Before you can ingest data you need the following:
- A Data Model Deployed to CDF.
- Generated an SDK for it.
In this guide, we will use some windmill data as an example. First, we already have a deployed a model and generated an SDK for it.
The model was generated with the follwing config from the pyproject.toml
[tool.pygen]
data_models = [
["sp_pygen_power", "WindTurbine", "1"],
]
The model is illustrated in Cognite Data Fusions interface below:
First, we will inspect some of the data we have available
from tests.constants import JSON_DIR
source_filepath = JSON_DIR / "turbine.json"
print(source_filepath.read_text())
[{ "capacity": 7.0, "name": "Doctrino Turbine 11", "windfarm": "Oslo B2", "blades": [ { "is_damaged": false, "name": "Blade A" }, { "is_damaged": false, "name": "Blade B" }, { "is_damaged": true, "name": "Blade C" } ] }]
As we see above, this is nested data, which is well suited for pygen
supported ingestion
External ID Hook¶
All data in CDF data models needs to have an external_id
set. Often, source data does not come with an external_id
set, and to help this pygen
comes with a built in hook that enables you to set external_id
when you are ingesting the data. The name of this hook is an external_id_factory
and you can set it importing the DomainModelWrite
from your generated data classes.
from wind_turbine import data_classes as data_cls
from cognite.pygen.utils.external_id_factories import ExternalIdFactory
data_cls.DomainModelWrite.external_id_factory = ExternalIdFactory.create_external_id_factory()
The external_id_factory
is a function that takes in two arguments, first a type
which is the data class for the object and then a dict
with the data for that partuclar object. pygen
comes with a few generic external id factories you can use, see External ID factory These can be good for testing an exploration, but we recommend that you write your own factory function for (at least) the most important classes.
In the example below, we write a factory method that sets the ID for all windmills.
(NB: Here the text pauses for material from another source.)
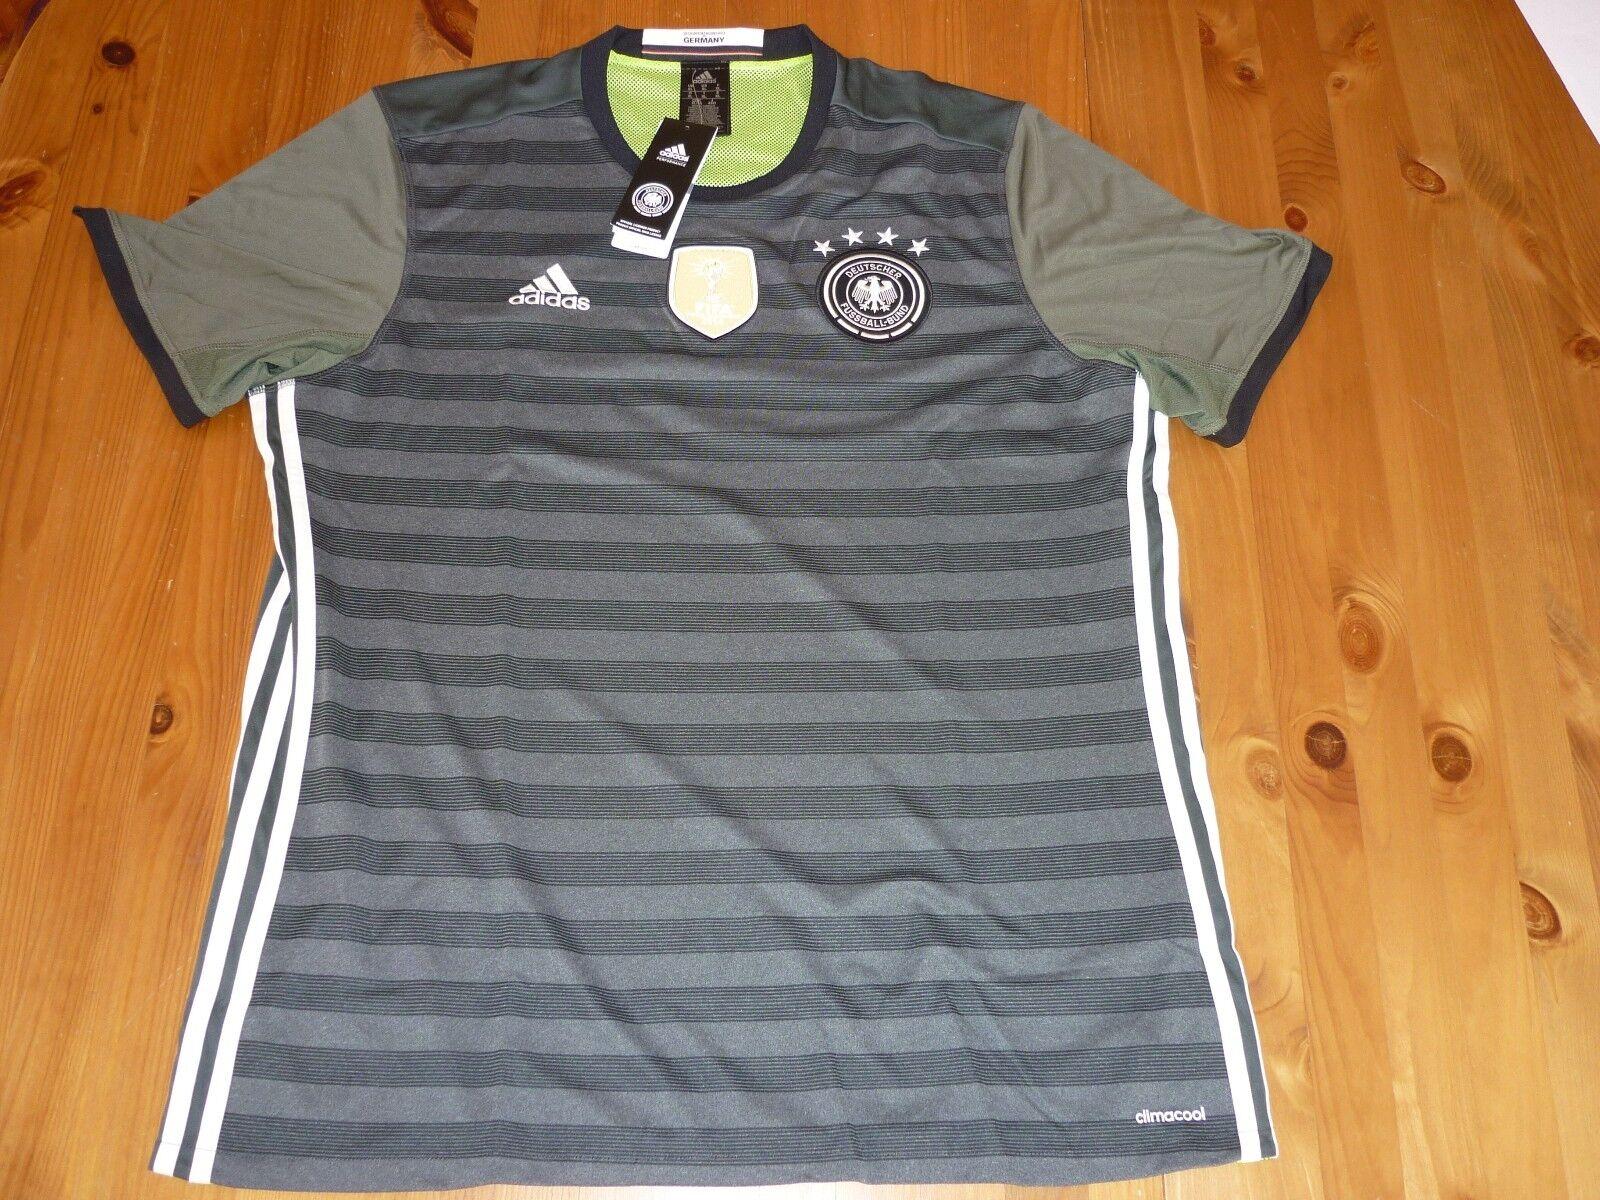 Adidas Alemania Football Camisa Tamaño Medio Bnwt

Looking at the snippet below we note that the windmill have an name
from the source system, so we would like to use this as the external_id
.
from wind_turbine import data_classes as data_cls
fallback_factory = ExternalIdFactory.incremental_factory()
def my_factory(domain_cls: type, data: dict) -> str:
if domain_cls is data_cls.WindTurbineWrite:
return data["name"].replace(" ", "_")
else:
# Fallback to incremental
return fallback_factory(domain_cls, data)
# Finally, we set the new factory
data_cls.DomainModelWrite.external_id_factory = ExternalIdFactory.create_external_id_factory(
separator="-", suffix_ext_id_factory=my_factory
)
Ingesting the Data¶
After we have set the external_id_factory
we are all good to go. pygen
is generating pydantic
data classes which means we can use the built in support for json validation in pydantic
We not that we had a list of wind turbines, in pydantic
we use a TypeAdapter
to parse a list of objects
from pydantic import TypeAdapter
turbines = TypeAdapter(list[data_cls.WindTurbineWrite]).validate_json(source_filepath.read_text())
# The WindmillWriteList has a few helper methods and nicer display than a regular list
turbines = data_cls.WindTurbineWriteList(turbines)
turbines
space | external_id | capacity | name | blades | windfarm | data_record | |
---|---|---|---|---|---|---|---|
0 | sp_wind | windturbine-Doctrino_Turbine_11 | 7.0 | Doctrino Turbine 11 | [{'space': 'sp_wind', 'external_id': 'blade-1'... | Oslo B2 | {'existing_version': None} |
We note that the external_id
field is set to the name
for the turbine. If we check the other objects we see these gets an external_id
= class_name.lower()-counter
turbines[0].blades[0]
value | |
---|---|
space | sp_wind |
external_id | blade-1 |
data_record | {'existing_version': None} |
node_type | None |
is_damaged | False |
name | Blade A |
We can now upload this data by creating a domain client and call the pygen.upsert
method.
from wind_turbine import WindTurbineClient
pygen = WindTurbineClient.from_toml("config.toml")
result = pygen.upsert(turbines)
print(f"{len(result.nodes)} nodes and {len(result.edges)} uploaded")
4 nodes and 0 uploaded
Note that pygen
have the method .to_instances_write()
you can use to check which nodes
and edges
were created.
We note that pygen
created in total 4 nodes and 0 edges.
instances = turbines.to_instances_write()
len(instances.nodes), len(instances.edges)
(4, 0)
unique = set([source.source for node in instances.nodes for source in node.sources])
len(unique), unique
(2, {ViewId(space='sp_pygen_power', external_id='Blade', version='1'), ViewId(space='sp_pygen_power', external_id='WindTurbine', version='1')})
instances.nodes
space | external_id | instance_type | sources | |
---|---|---|---|---|
0 | sp_wind | windturbine-Doctrino_Turbine_11 | node | [{'properties': {'blades': [{'space': 'sp_wind... |
1 | sp_wind | blade-1 | node | [{'properties': {'is_damaged': False, 'name': ... |
2 | sp_wind | blade-2 | node | [{'properties': {'is_damaged': False, 'name': ... |
3 | sp_wind | blade-3 | node | [{'properties': {'is_damaged': True, 'name': '... |
instances.edges
# Cleanup
pygen.delete(turbines)
InstancesDeleteResult(nodes=[NodeId(space='sp_wind', external_id='windturbine-Doctrino_Turbine_11'), NodeId(space='sp_wind', external_id='blade-1'), NodeId(space='sp_wind', external_id='blade-2'), NodeId(space='sp_wind', external_id='blade-3')], edges=[])